─── GIVEN INFORMATION
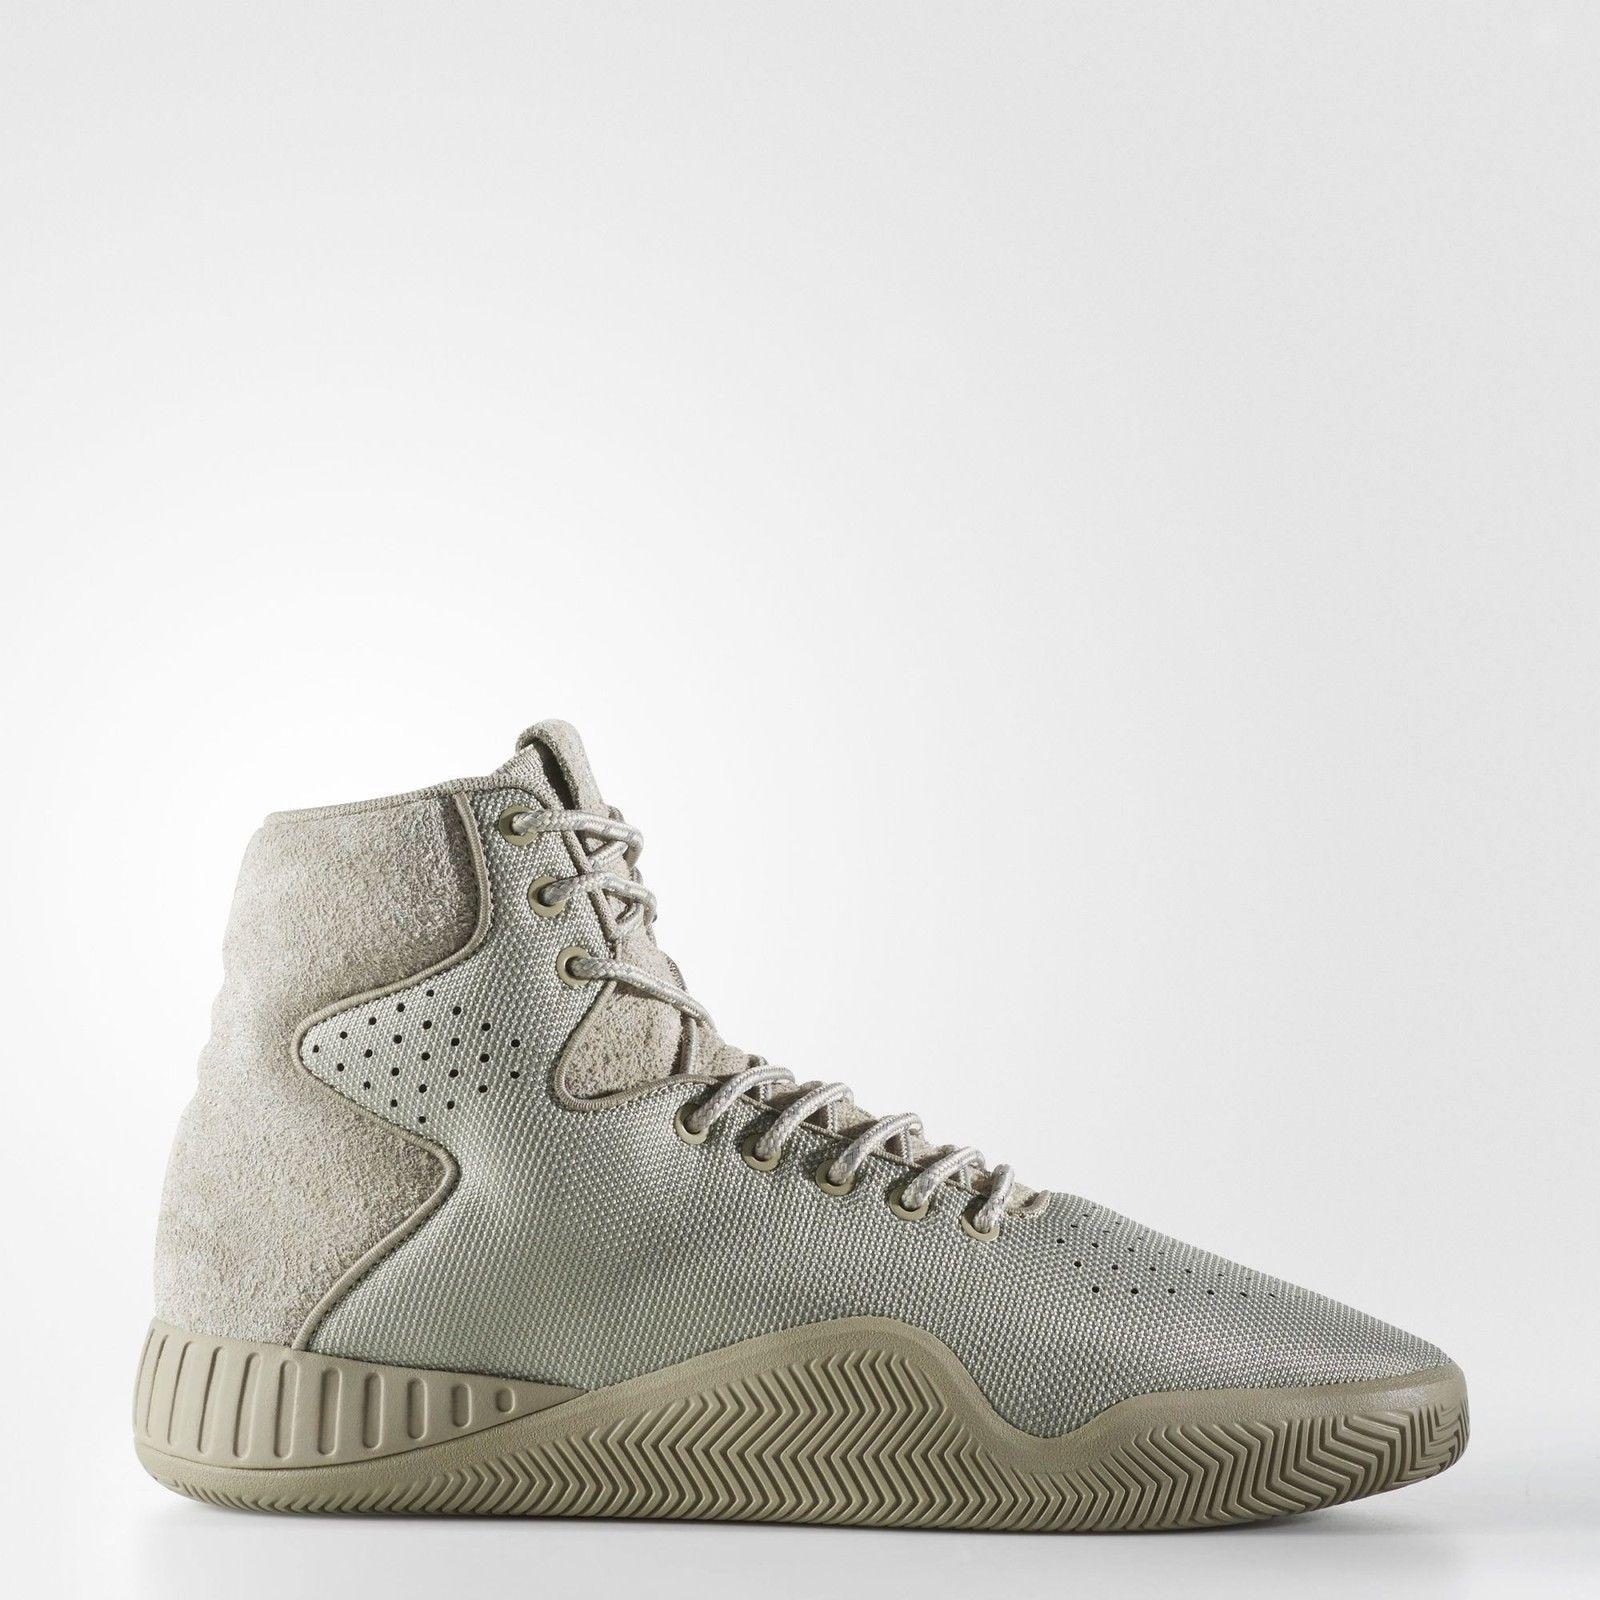 Adidas Tubular Instinct Men's Shoes Beige $36
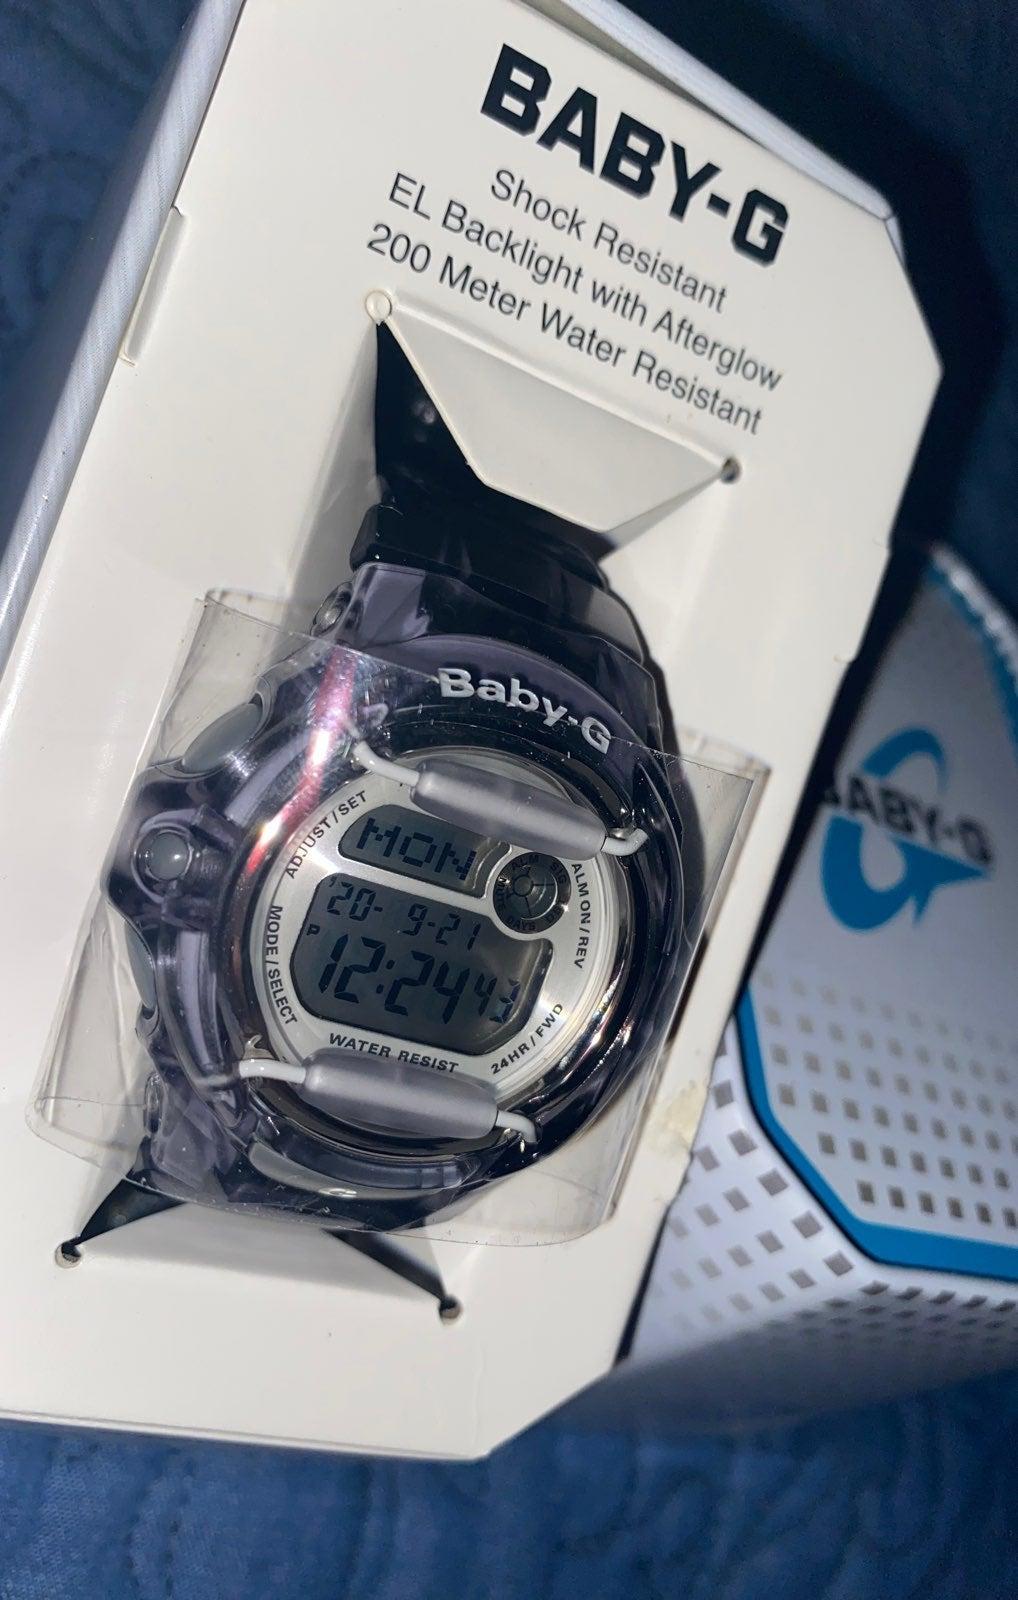 Baby g watches
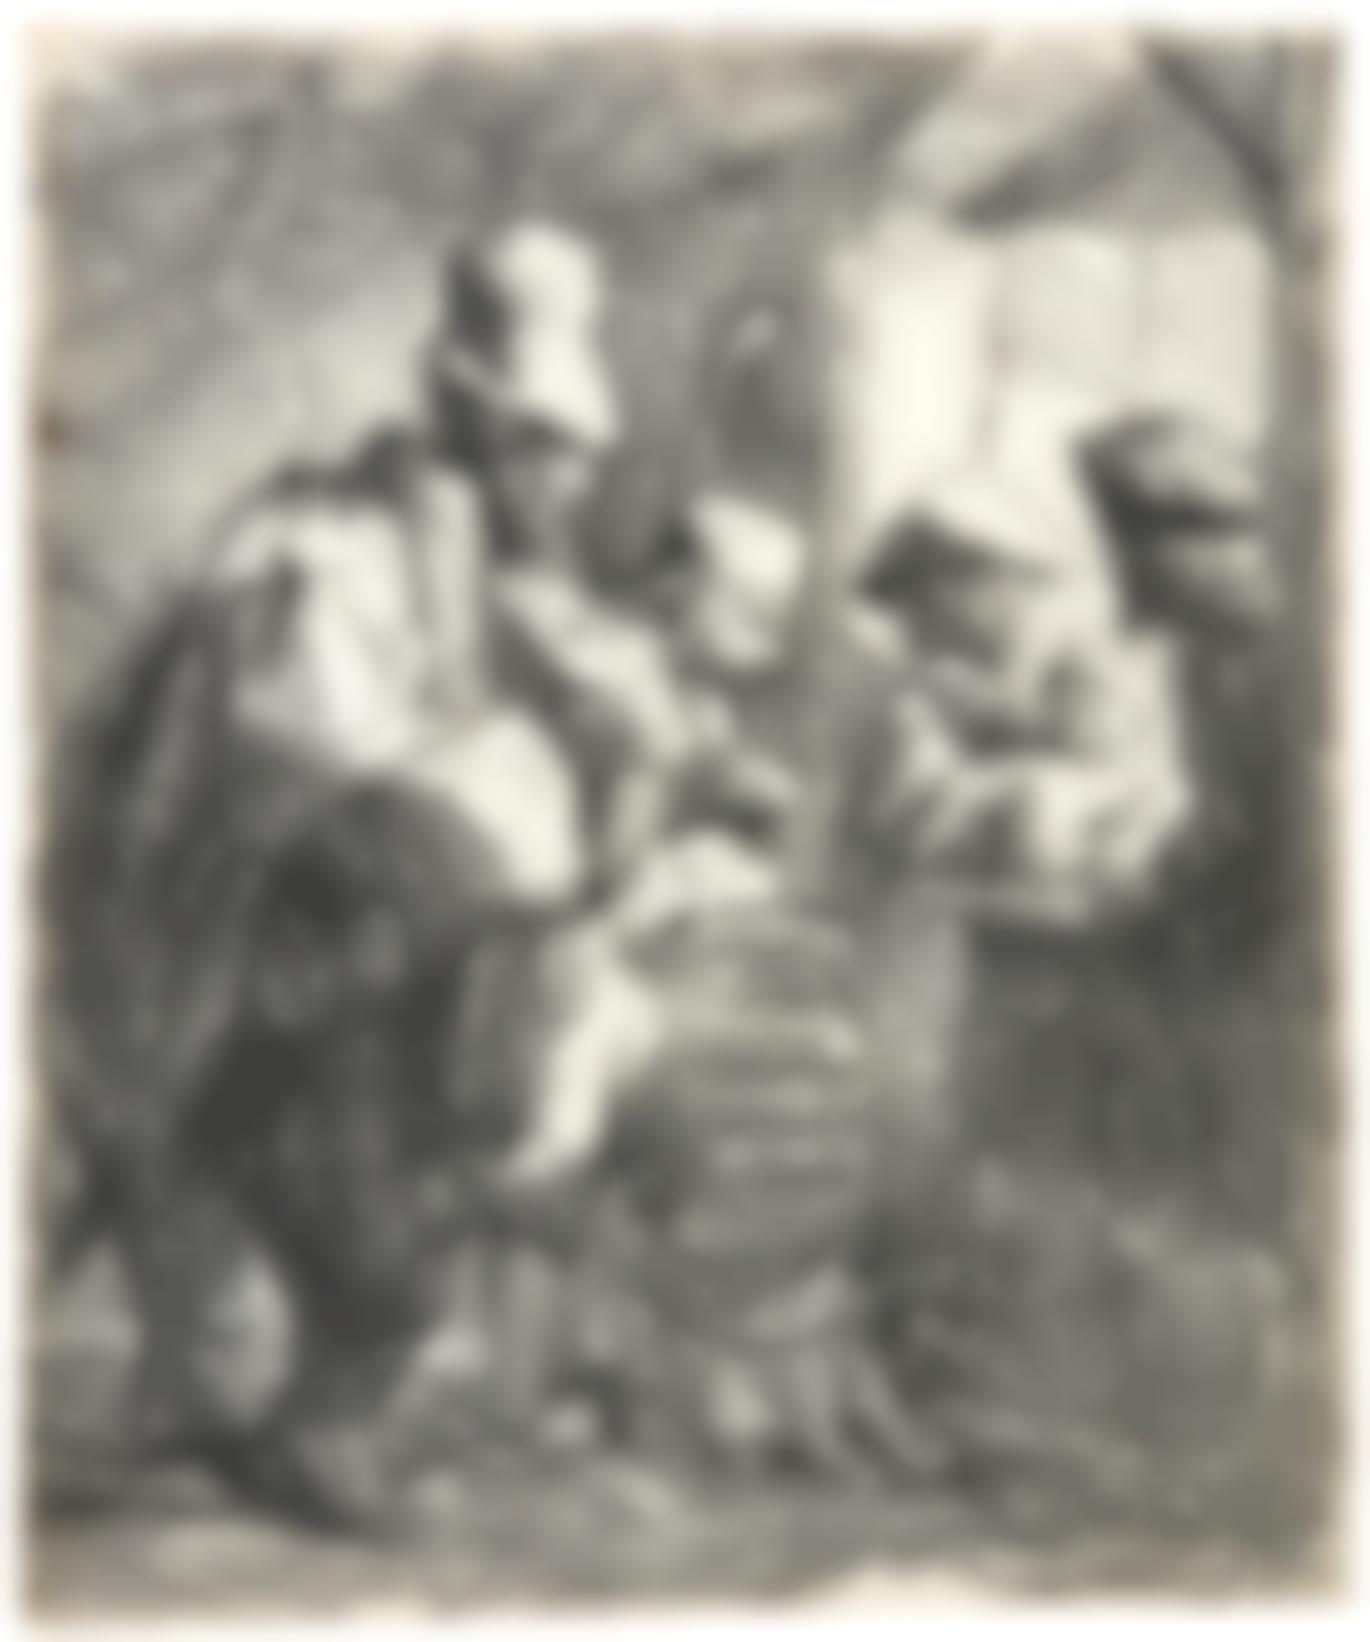 Rembrandt van Rijn-The Strolling Musicians (B., Holl. 119; New Holl. 141; H. 142)-1635
──────
PROBLEM => Print the material word for word without images.

RESULT FOR THIS EXERCISE =>
 Adidas Tubular Instinct Men's Shoes Beige $36
 Baby g watches
 Rembrandt van Rijn-The Strolling Musicians (B., Holl. 119; New Holl. 141; H. 142)-1635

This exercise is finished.